This loss of employee-ism is somehow often conflated with a loss of meaning when AI becomes ubiquitous. I believe almost the exact opposite to be the case. When AI “tAkEs oUR joBs”, it will be a paradigm shift that takes every individual from serf to manager. Everyone will have a suite of highly capable and reliable companions at hand to go out and bring what they want to see into the world. The key “job” of the human in this world is to manage these companions to execute on the vision that you want to see.
Hence the title of this post. The penetration of autonomous agents will result in a great promotion of all individuals from task monkeys to managers.
What is missing?
User-friendly agent deployment tools. The overarching principle of agents, and ultimately artificial intelligence as a whole, is that of task automation.
Using that definition, Zapier is technically the global leader in personal agent deployment, UiPath the global leader in enterprise deployment. But anyone who has used either of these two tools would be able to tell you the amount of time and effort required to successfully utilise these tools. How can we obfuscate away all the pain, time and consulting fees spent on getting these systems to work?
Alex Lieberman of Morning Brew’s vision for user-friendly automation system deployment tools
Alex Lieberman’s idea above presents a starting point for thinking about the future of automation at both personal and enterprise levels. The problem with Zapier is that requires users to reverse engineer their workflows. What about tools that are trained to intuitively or by training user workflows?
Excel Macros is not actually a bad approximation for how user session recording can be used to apply repeatable sets of tasks that users can execute with minimal thought. What if such user session recordings could be applied across the entire browser to operate across different apps and allow users to offload 50+% of their workday and eventually all non-creative tasks?
In order to effectively manage a personal universe of agents, the most basic opportunity to capitalise on is a CRM for individual agents. Such a CRM would act as a single source of truth for the instructions/prompts/intentions of each individual agent at an individual’s disposal. This could be integrated with separate dashboards for agent performance management.
For users who want even less involvement in the deployment or customisation of their agents, there is an opportunity for out-of-the-box generic agent packages. As agent productivity is proven, there is strong likelihood of a market developing for people to purchase pre-trained sets of agents that can perform pre-defined sets of tasks depending on role description.

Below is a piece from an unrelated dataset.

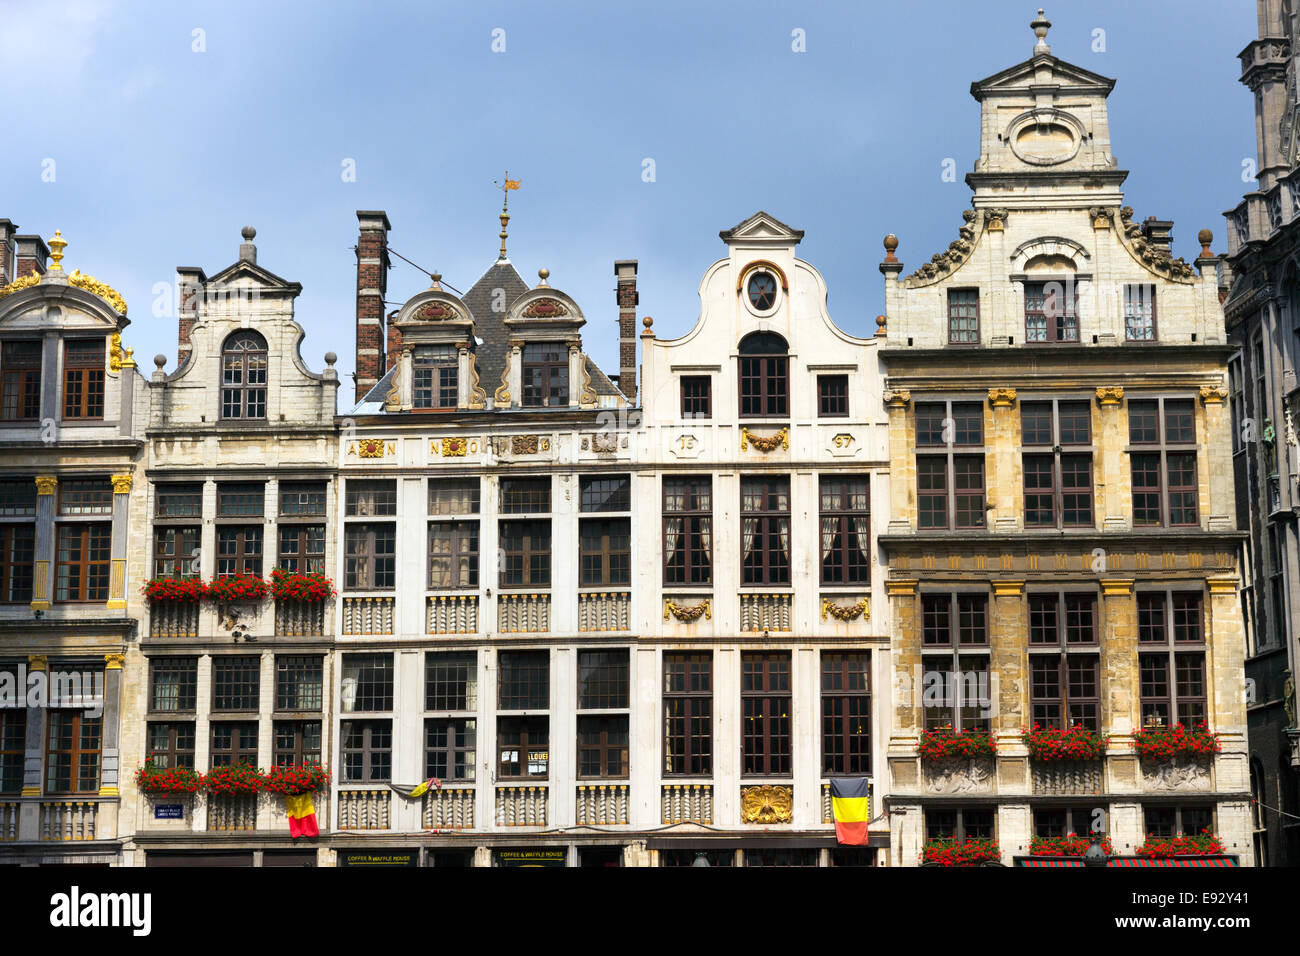 Famous old colorful buildings at Market square in Brussels. Belgium Stock Photo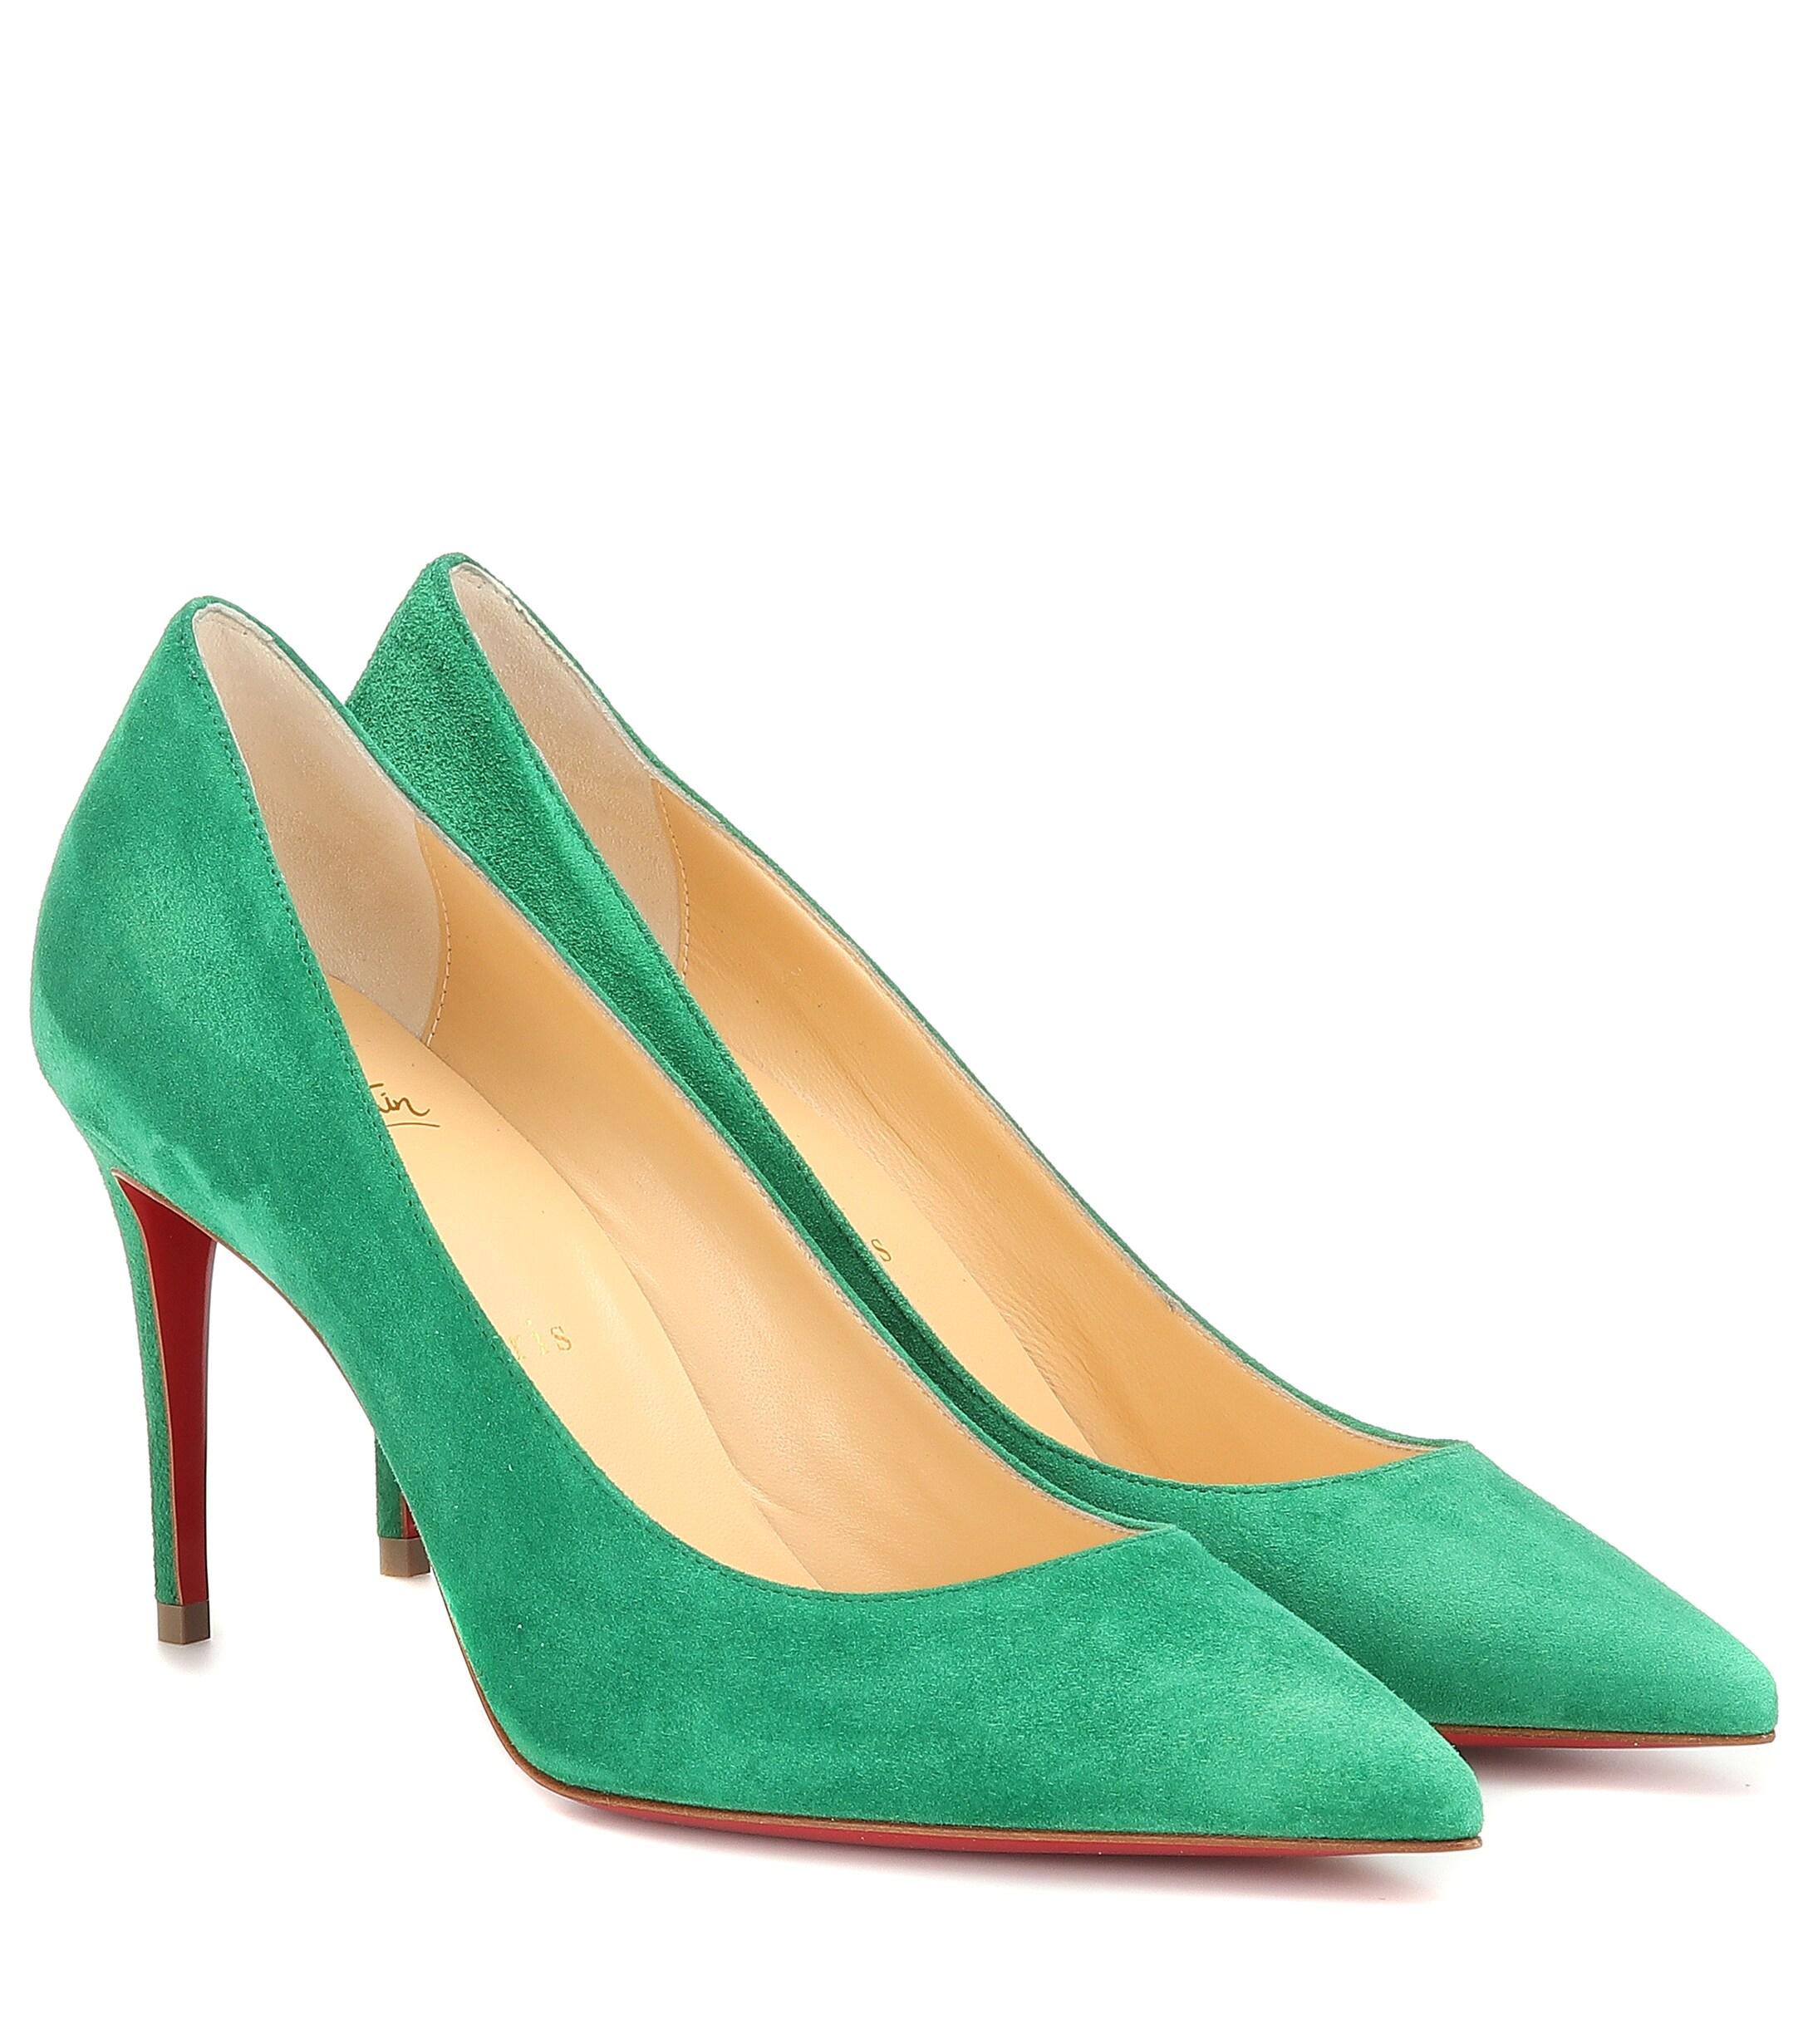 Christian Louboutin Kate 85 Suede Pumps in Green - Lyst

The design space for personal agent deployment has a good path to follow in the footsteps of existing developer deployment tools like Log10 or Superagent. As good as these tools are for managing agent deployments, they are not designed for end users with little knowledge of how agents or automations work.
Incentive mechanisms for agent resource allocation. Regardless of how superintelligent agents may become, they will always rely on resources to stay in operation. Machine brains need nutrition just as human brains do. And just as entire human economies developed around the need to put food on our plates, entire agent economies will be devoted to allocating scarce resources to where they are demanded most.
In agent economies, markets will be needed to allocate things like:
- Compute Power. Which agents get what quality CPU/GPU resource for what tasks at what time?
- Memory. How can agents with high demands rent or buy memory ‘real estate’ of less demanding agents?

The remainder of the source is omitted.